Table 2 provides the results for the bivariate regression estimating the three item-score reliability coefficients by the cutoff values of four other item indices. The item-factor loading estimated the lowest item-score reliability values: .18 for method MS, .20 for method $λ_{6}$ , and .15 for method CA. The $H_{i}$ coefficient estimated the highest item-score reliability values: .28 for method MS, .33 for method $λ_{6}$ , and .28 for method CA.

Table 2.

Estimates of the Three Item-Score Reliability Methods Based on the Cutoff Values of the Other Four Item Indices obtained Using a Bivariate Regression Analysis.

	Method MS	Method $λ_{6}$	Method CA
Item-rest correlation	.20	.24	.17
Item-factor loading	.18	.20	.15
$H_{i}$ coefficient	.28	.33	.28
Item discrimination	.22	.25	.20

Discussion

We estimated item-score reliability methods MS, $λ_{6}$ , and CA in various empirical-data sets, and investigated which values the researcher may expect to find in his empirical-data set. The identity-coefficient values between the three item-score reliability methods were all higher than .9. The product-moment correlations between the three item-score reliability methods yielded values in excess of .7. Identity values in excess of .9 suggest that the three item-score reliability methods yielded nearly identical values, suggesting a high degree of interchangeability of methods for item selection. We conclude that in practice the three item-score reliability methods can be used interchangeably. The three item-score reliability methods have the same computing time, but methods $λ_{6}$ and CA are much simpler to program.

The relationships between the three item-score reliability methods and the four accepted item indices showed a strong association between the item-rest correlation and the item-score reliability methods, especially method CA. This result can be explained by the relation between method CA and the item-rest correlation (Equation 8). The other associations between the item-score reliability methods and the other item indices are weaker. For the other four item indices, the researcher can use available rules of thumb to decide when an item is a candidate for revision or for elimination from a test. Based on investigating a polytomous single-item measure with five response categories, Wanous et al. (1997) suggested using a lower bound of .7 for the item-score reliability. Given the values that were obtained for the items in the empirical-data sets we selected, and given the results from the bivariate linear regression, we conjecture that this requirement may be too stringent in practice: Instead, a value of .3 would be a realistic lower bound for item-score reliability.
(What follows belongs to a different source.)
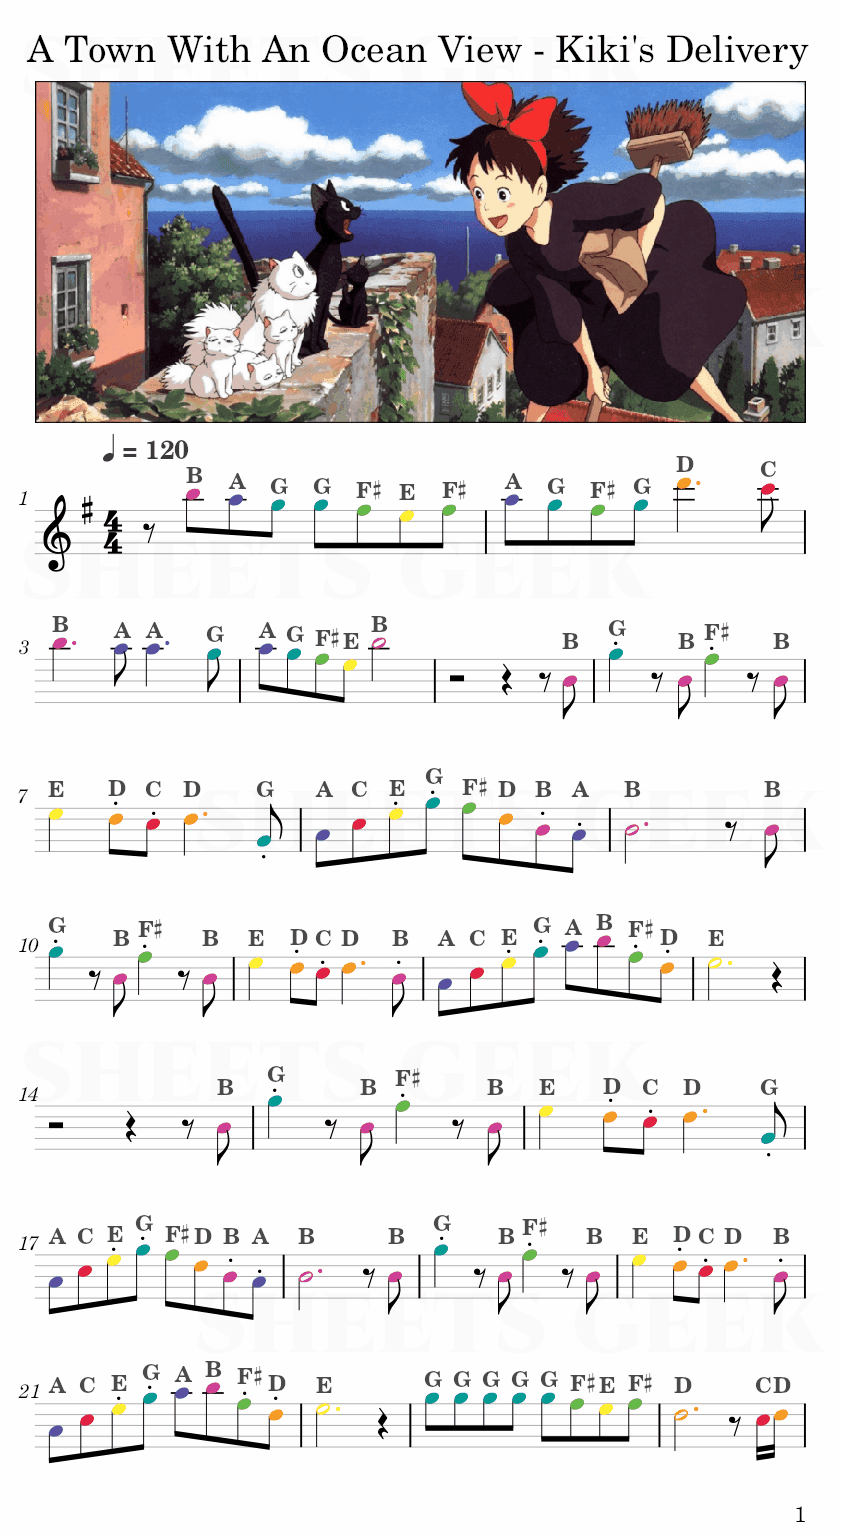 A Town With An Ocean View - Kiki's Delivery Service Main Theme (Umi no Mieru Machi) Easy Sheet Music Free for piano, keyboard, flute, violin, sax, cello page 1
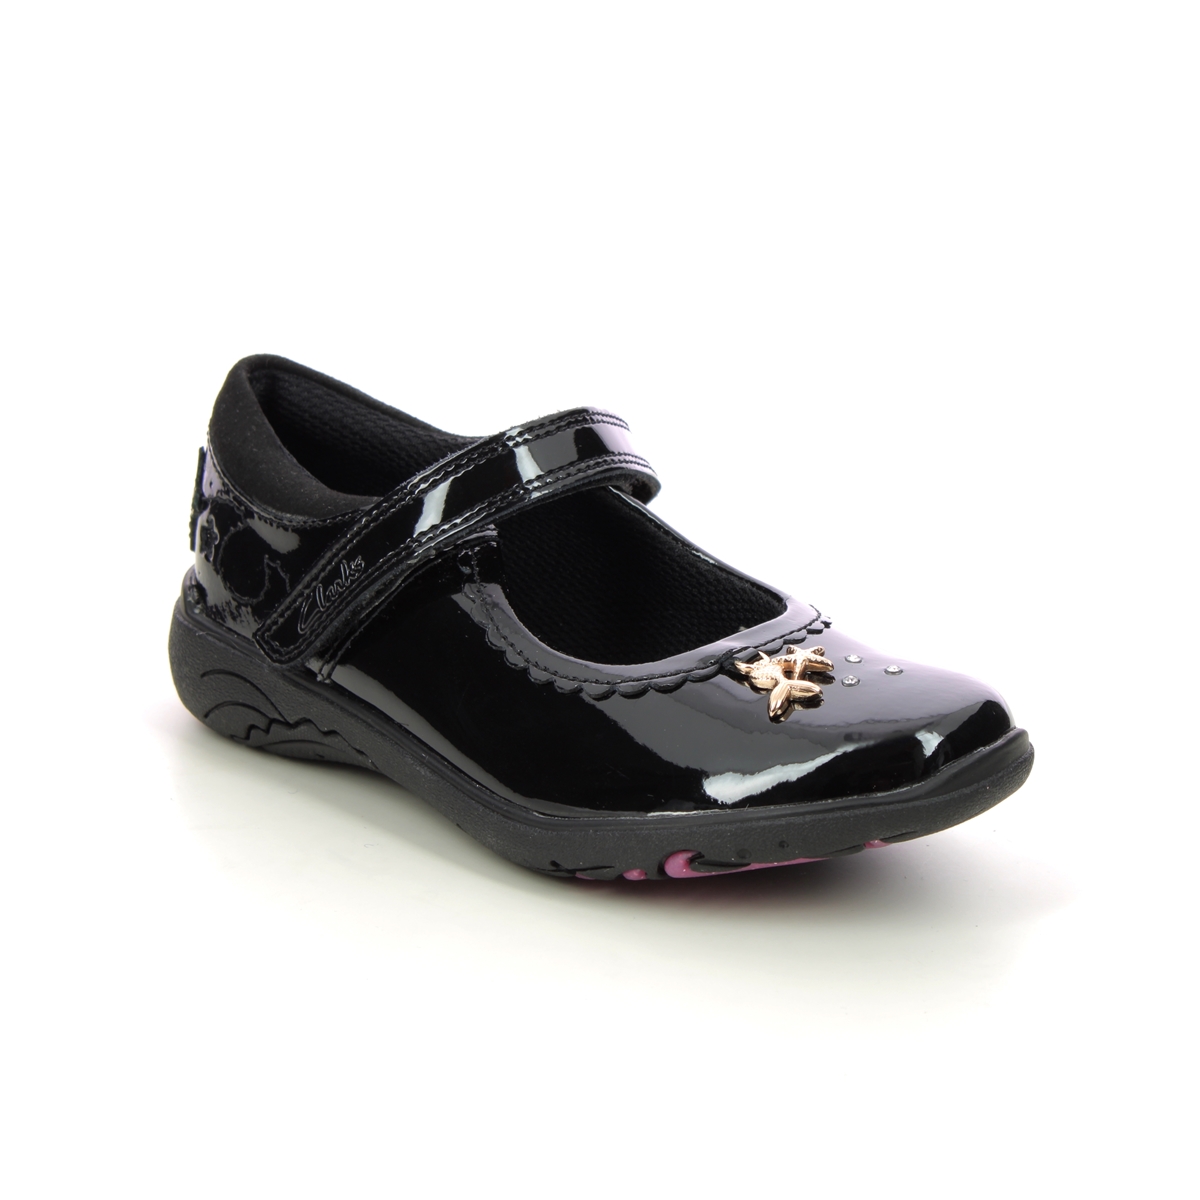 Clarks Relda Sea K Mary Jane Black Patent Kids Girls School Shoes 722418H In Size 11.5 In Plain Black Patent H Width Fitting Extra Wide For School For

We found that $λ_{6}$ values often exceeded MS and CA values. In a simulation study, Zijlmans et al. (2017) found that for many conditions in the experimental design, method $λ_{6}$ underestimated the true item-score reliability whereas methods MS and CA were almost unbiased, which seems to contradict the results of the present study. An explanation may be that our data sets do not fit in any of the experimental conditions Zijlmans et al. (2017) investigated, making a comparison between the two studies awkward. Our data sets were multidimensional, with relatively large numbers of items that had a considerable variation in discrimination. Zijlmans et al. (2017) studied the factors dimensionality, variation in discrimination within a test, and test length separately, and found that for the multidimensional data, for unequal discrimination, and for many items, the differences between methods MS, $λ_{6}$ , and CA were either absent or less clear than in other experimental conditions. Hence, a combination of these factors may have caused the relatively high $λ_{6}$ values in the present study. In future research, these conditions, which are realistic for most data sets, should be studied further in a fully crossed simulation design.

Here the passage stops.